No me acuerdo en qué instante se desvaneció de mis referentes cotidianos Adeni, cuyo nombre, según me contaron cuando era chico (el más chico de todos), procedía de la fusión de los nombres de su madre (Adela) y su padre (Nicolás); una bonita historia de la que, sin embargo, ahora empiezo a dudar de su veracidad.

Desconozco qué fue del señor al que todos llamaban por su apellido y que los domingos ventosos nos hacía cometas de papel celofán que rara vez volaban o del cónsul don Jesús E. Márquez Moreno (del que nunca supimos el significado de la E) y sus interminables discursos, en justa liza por su extensión con los de Fidel o del eterno vicepresidente, don Manuel Espuela, y su carismático bigote de mariachi.

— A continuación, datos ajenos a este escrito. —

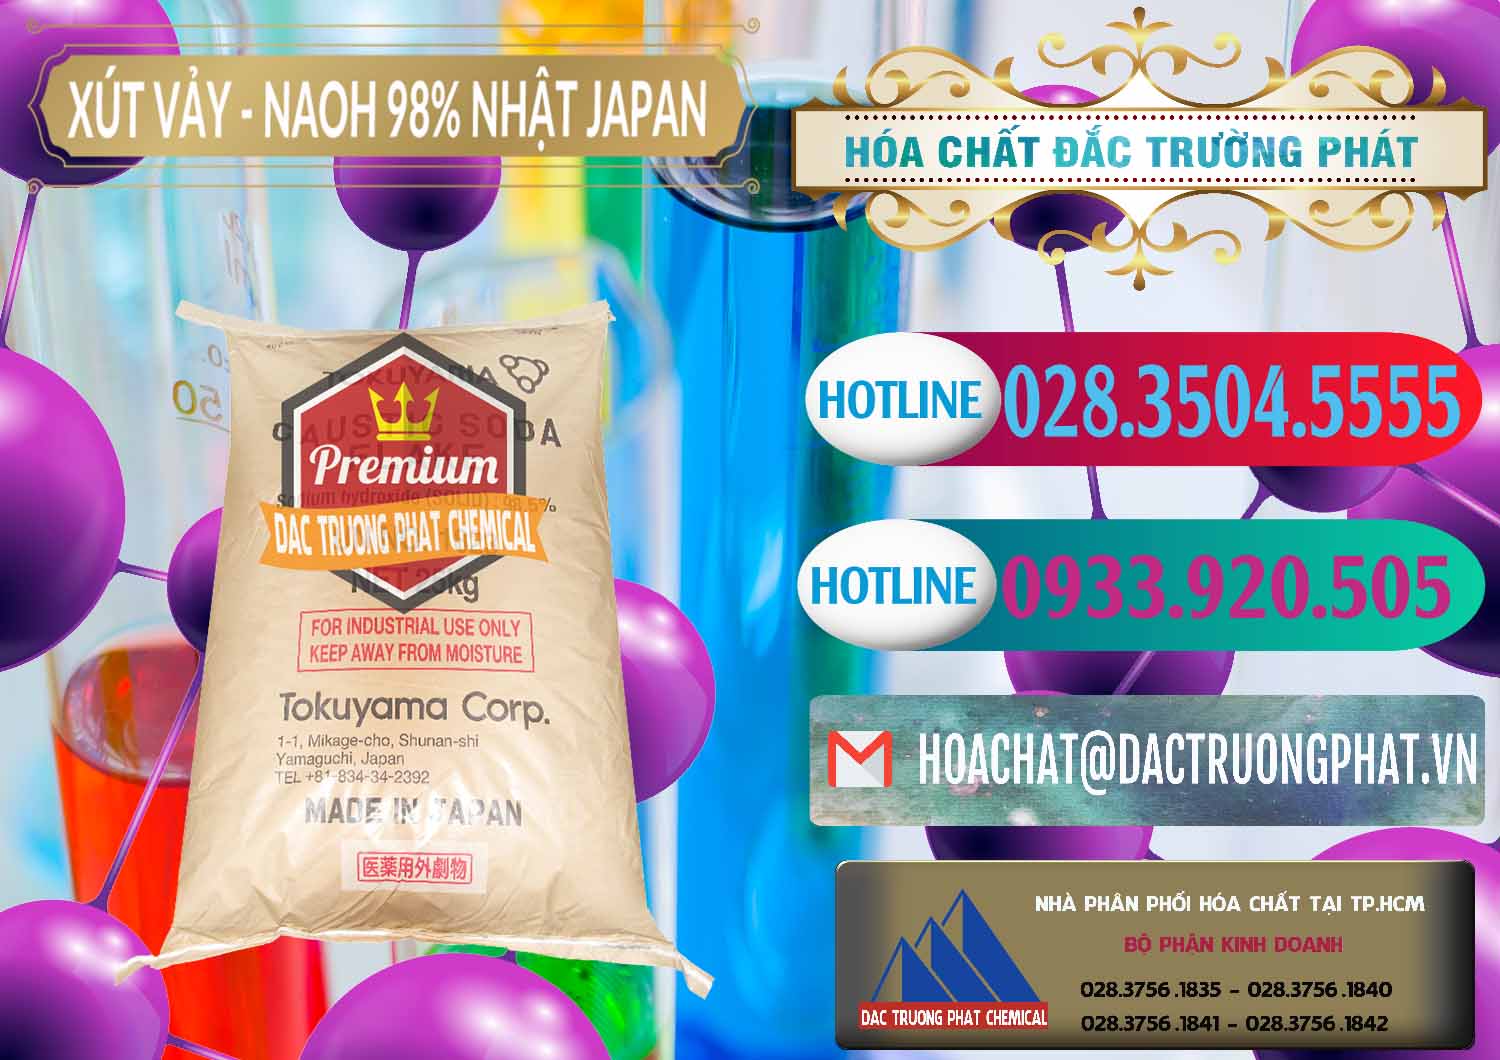 Công ty chuyên cung cấp và bán Xút Vảy - NaOH Vảy 98% Tokuyama Nhật Bản Japan - 0173 - Công ty phân phối _ cung cấp hóa chất tại TP.HCM - truongphat.vn

En qué recóndito cuadrante se le ocurrió a mi cerebro colocar el recuerdo de don Tarsicio con sus gafas de culo de botella y su malhumor de postureo que, en realidad escondía un corazón de miga de pan, dónde diantres puso todos los datos que llegué a acumular sobre Nono, el primer amor de mi hermana y al que yo tenía como referente de chico mayor, o de su hermana pequeña Mary, con su resplandeciente melena oxigenada, de la que yo creí que, por reciprocidad, algún día debería convertirse en mi novia.

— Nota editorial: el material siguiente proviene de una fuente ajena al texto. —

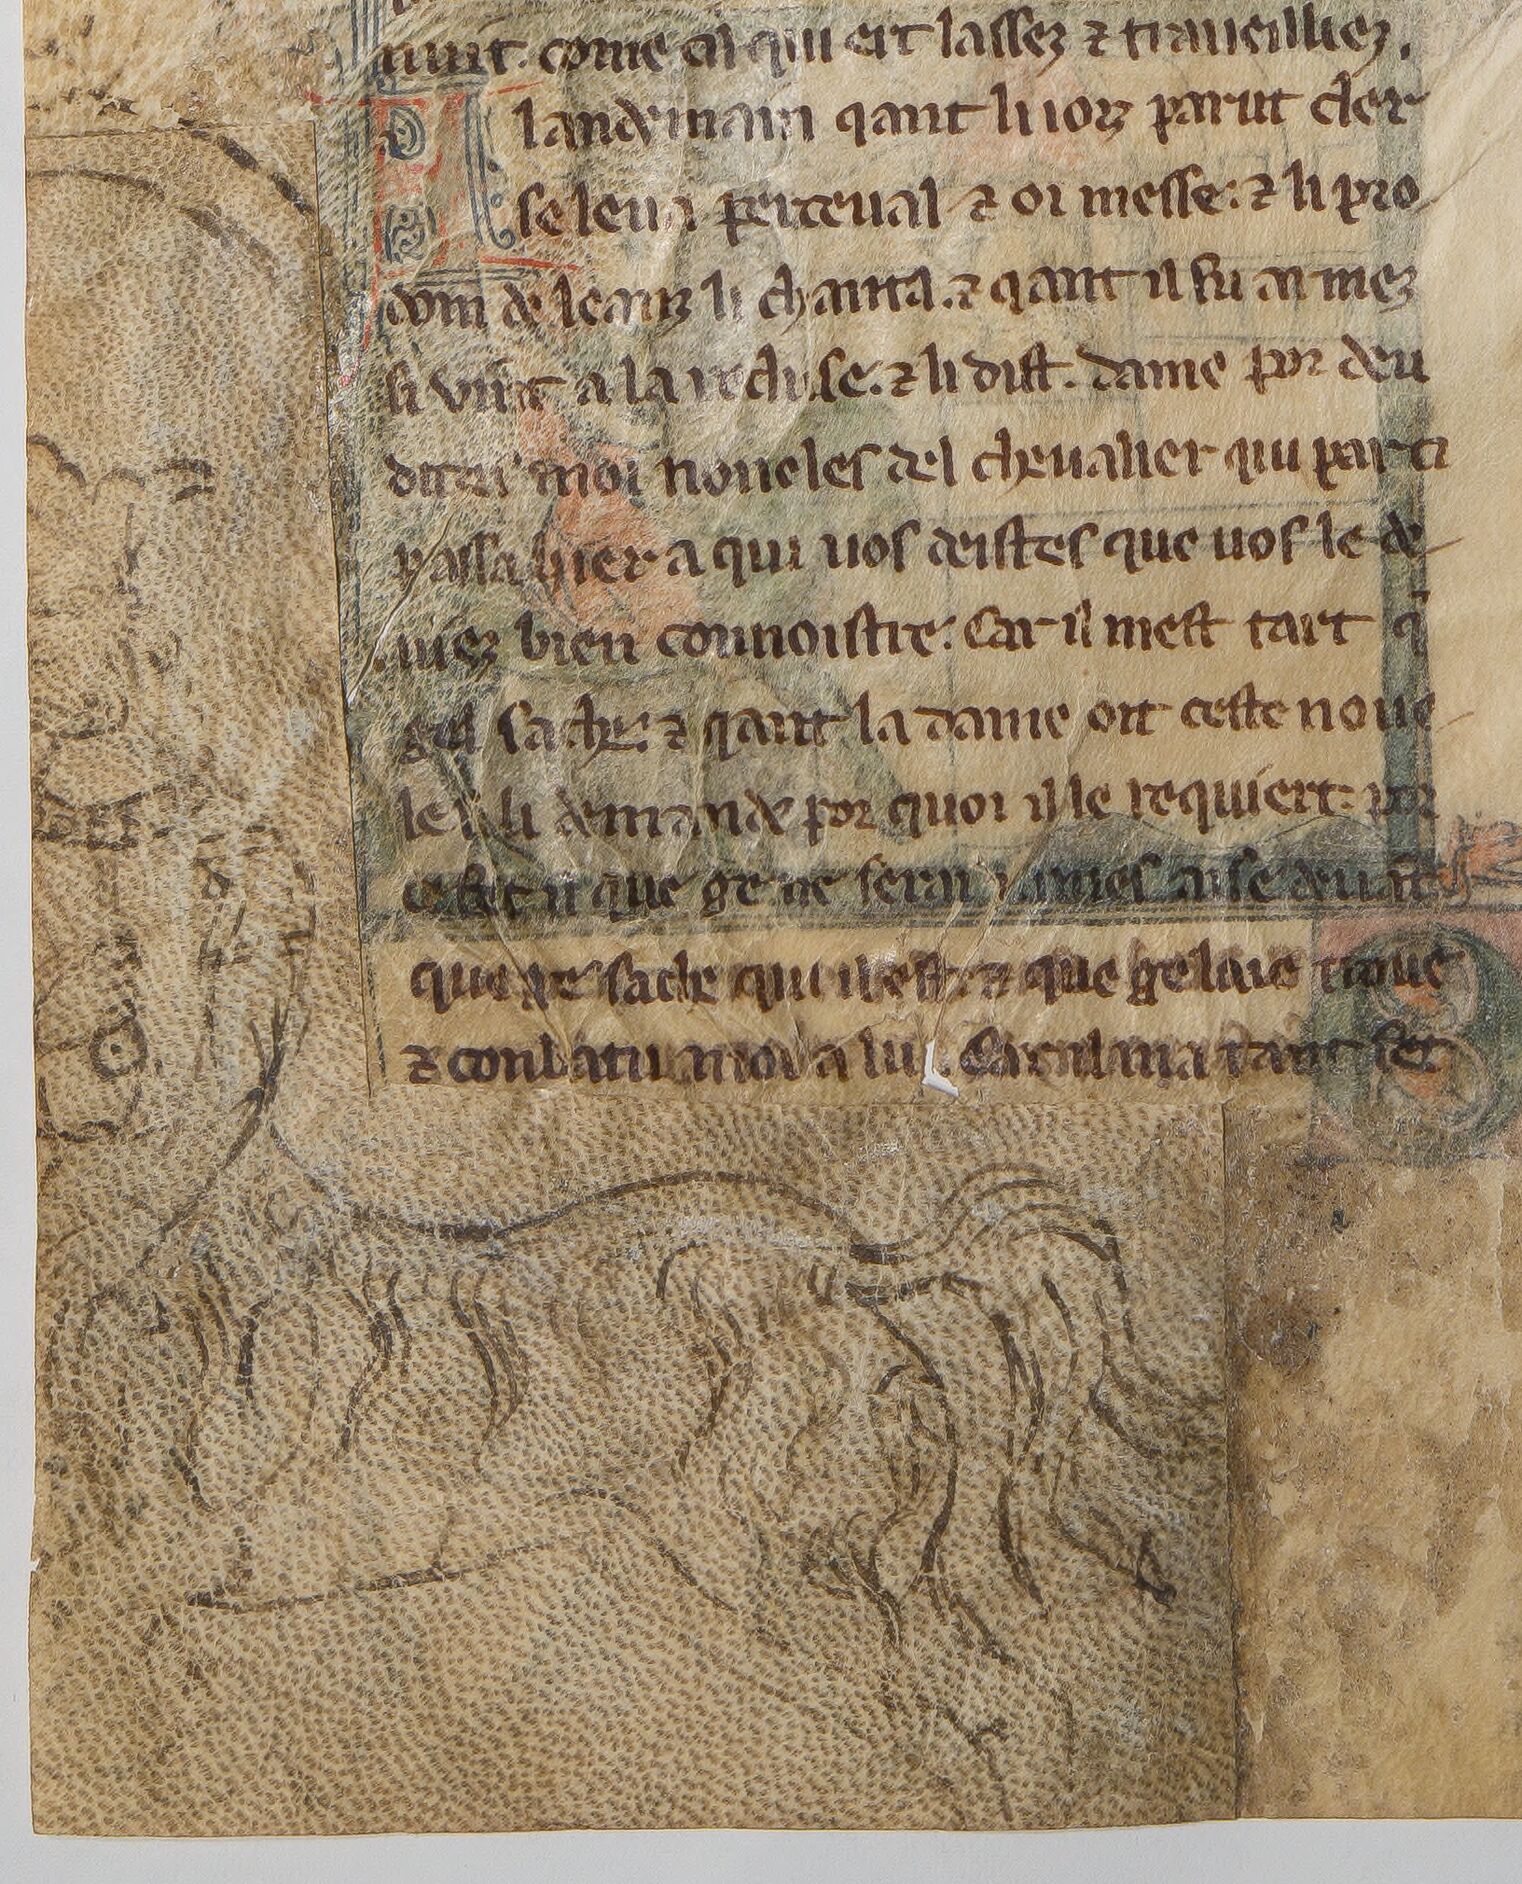 Pre-decorated parchment patch
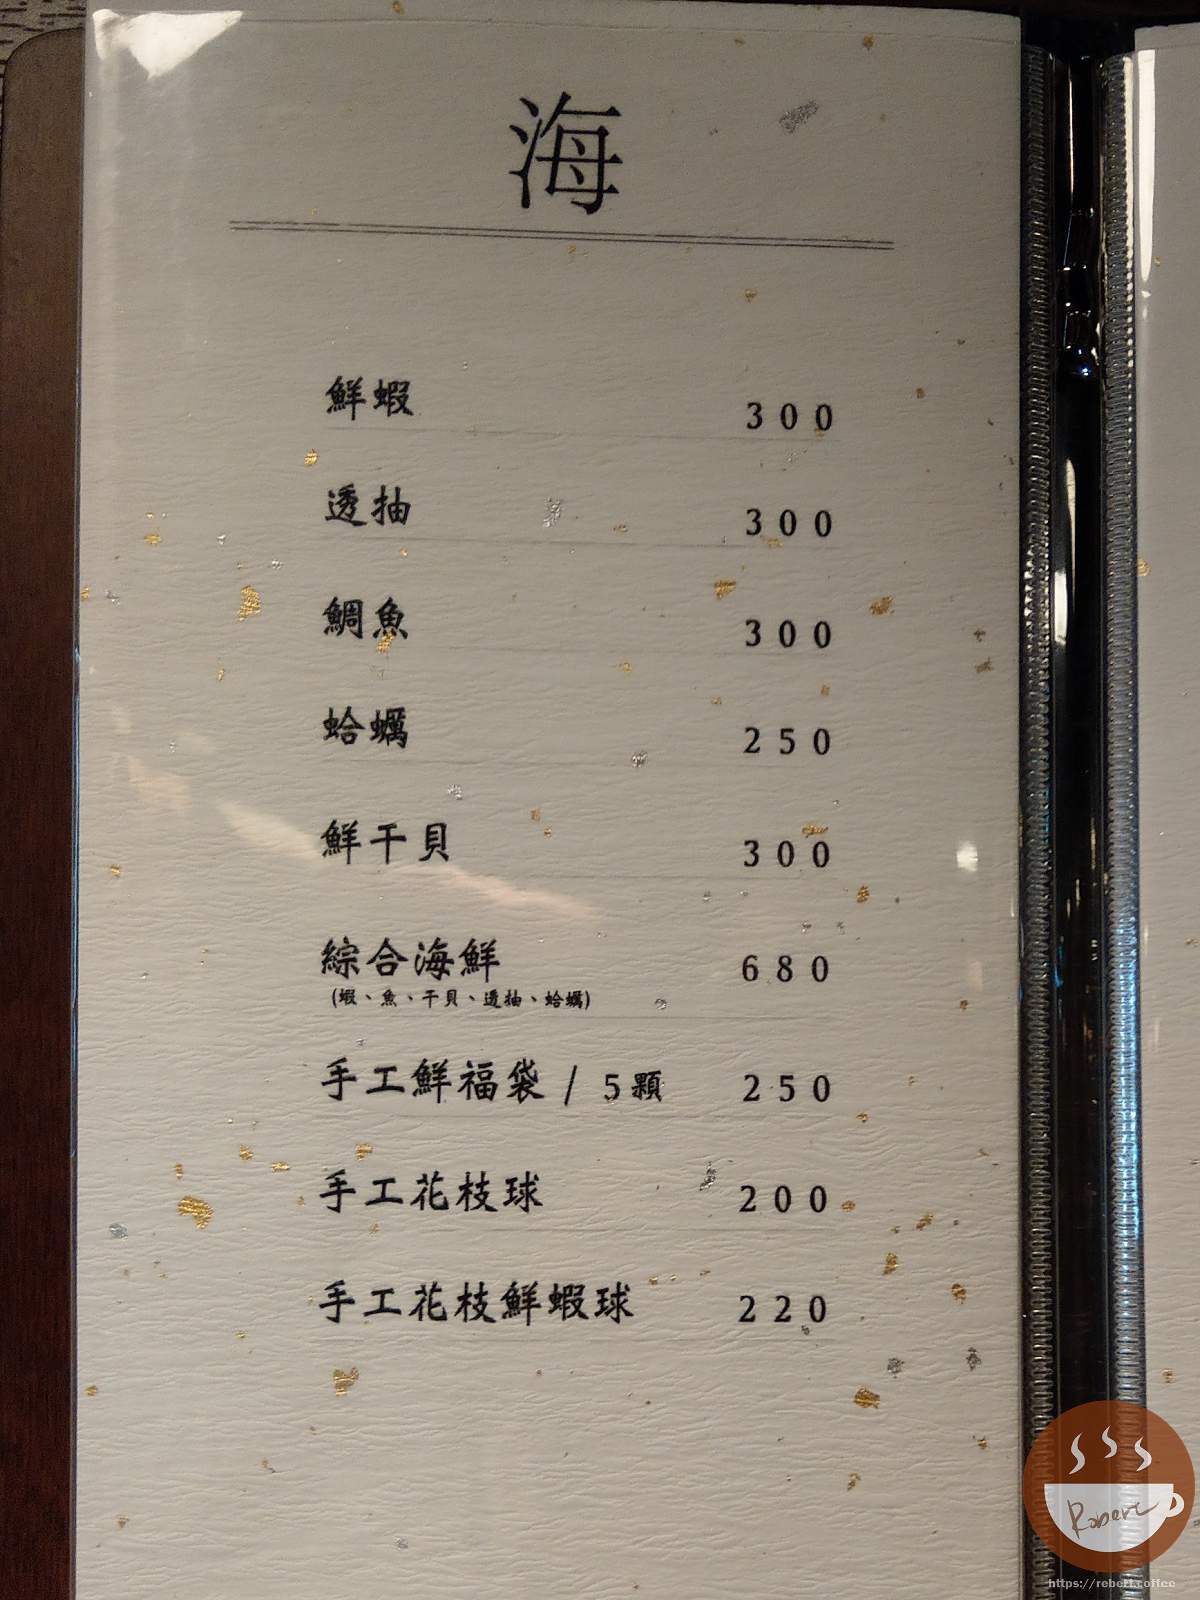 鼎旺麻辣鍋海鮮菜單

Qué fue de Alfredo, aquel profesor risueño de finales de los 70 que fue el primero que nos pidió que no le tratáramos de Don; de Fermín, el vecino serio y comedido al que solo se le escapaba un gesto feliz cuando mostraba su colección de monedas antiguas; de la mujer que siempre llevaba un turbante; el mecánico que en lugar de restos de grasa tenía las manos llenas de manchas de melancolía; de la chica enferma de bocio; de la que vestía como Laura Ingalls de la Casa de la Pradera; de Fernandito, el que iba para campeón de tenis mundial, pero se quedó en niño promesa; de Aurora, la chica con fama de díscola que me cuidaba en la parada de guagua cuando esperaba la llegada del micro del colegio; del Parris, que siempre iba perfumado cuando los hombres apenas se lavaban la cara o de Orlando el del guante y su icónica toalla roja que usaba para despistar al rival.

Por nuestra vida va pasando gente que, durante un tiempo indeterminado, es importante para nosotros y que, de repente, se esfuman para siempre dejando apenas un leve rastro de su existencia en nuestra memoria que suele permanecer oculto hasta que, un día como el de hoy, emergen de nuevo sin saber por qué.

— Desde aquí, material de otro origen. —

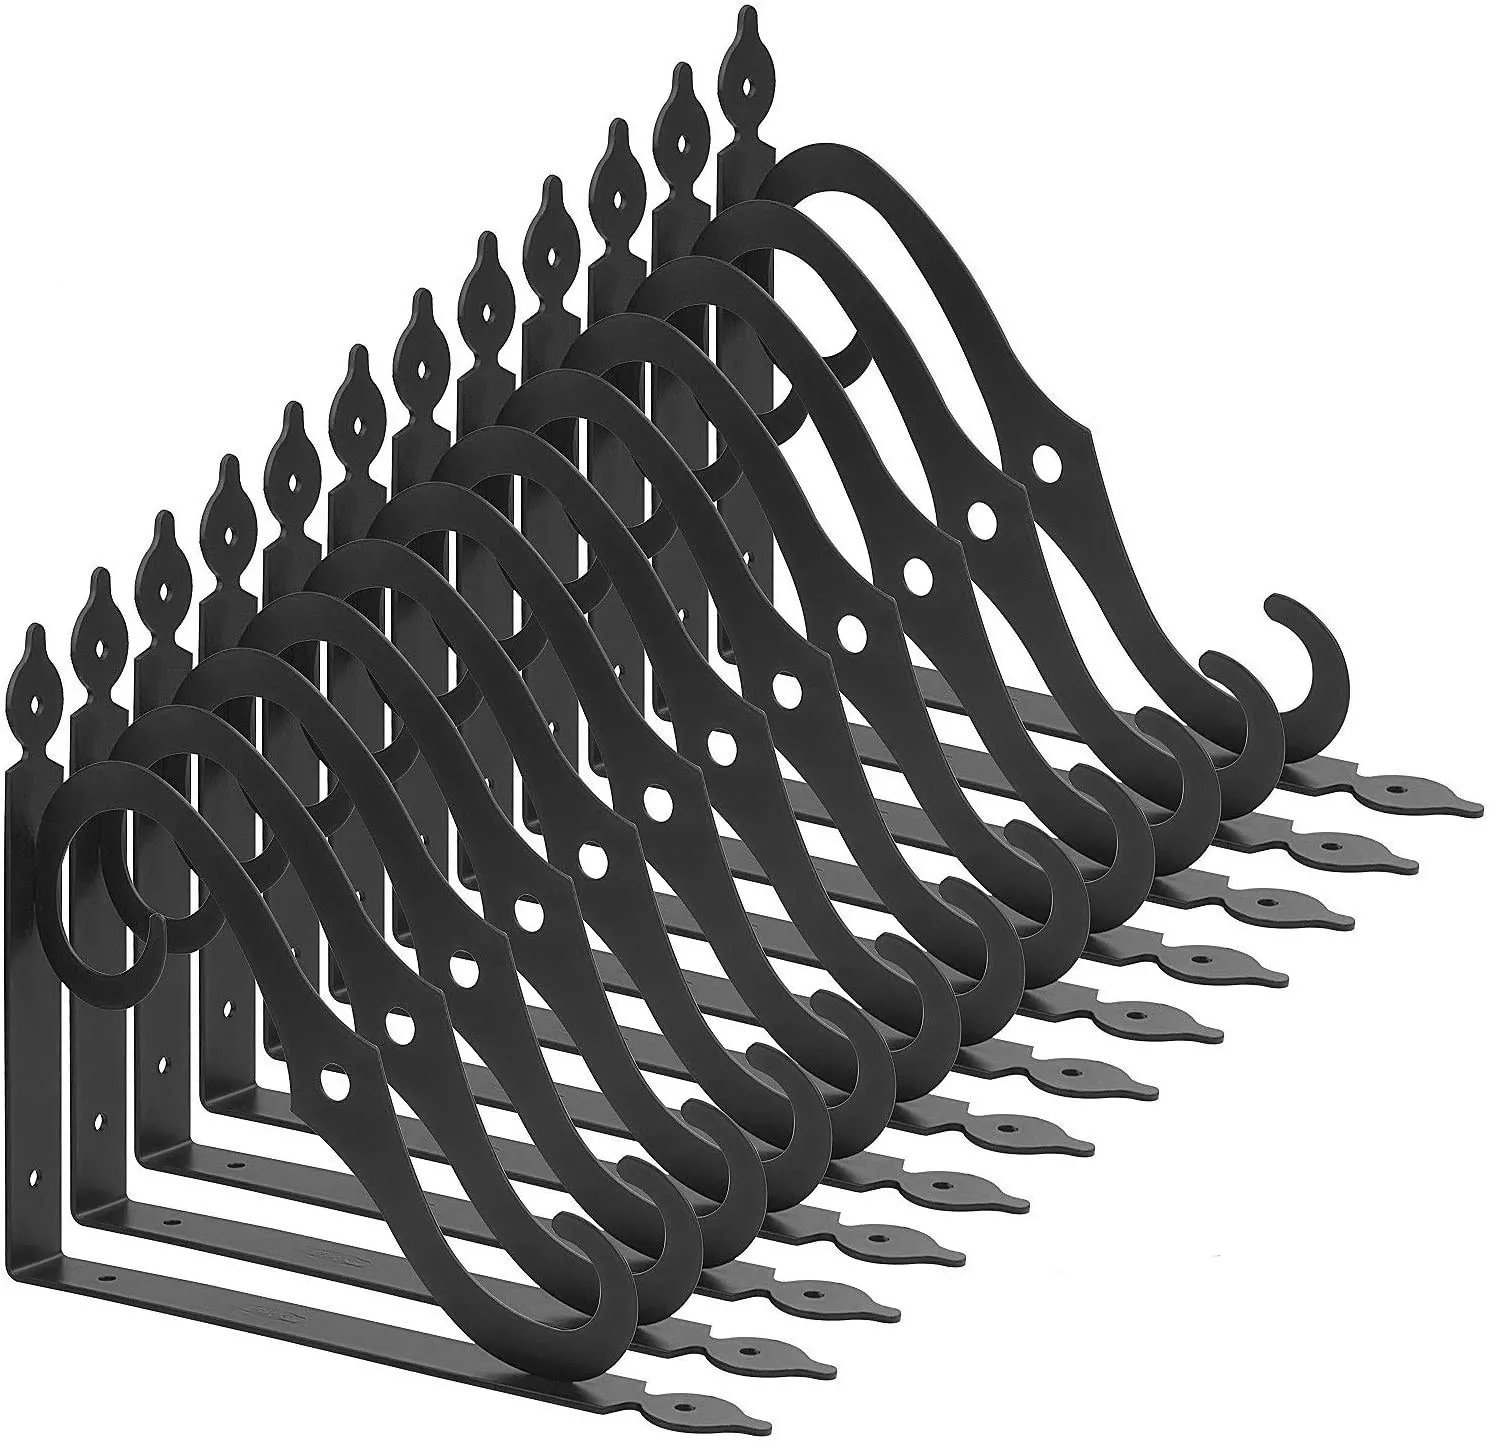 

Folding metal pipe shelf brackets

Yo mismo, que para muchos soy el hijo de Charly, el padre de Marta y de Daniel, el prometedor aprendiz de poeta que ahora solo saca fotos a los amaneceres, las nubes y las farolas o el tonto que ve cortinas de humo por todas partes, seré también un vago recuerdo para viejos amigos, antiguos vecinos y excompañeros de clase o de trabajo; una laguna o un borrón en la secuencia temporal de su cerebro que, tal vez, un día (no necesariamente triste) reaparezca de manera repentina y fugaz para recordarles que una vez transité por sus vidas y ellos por la mía.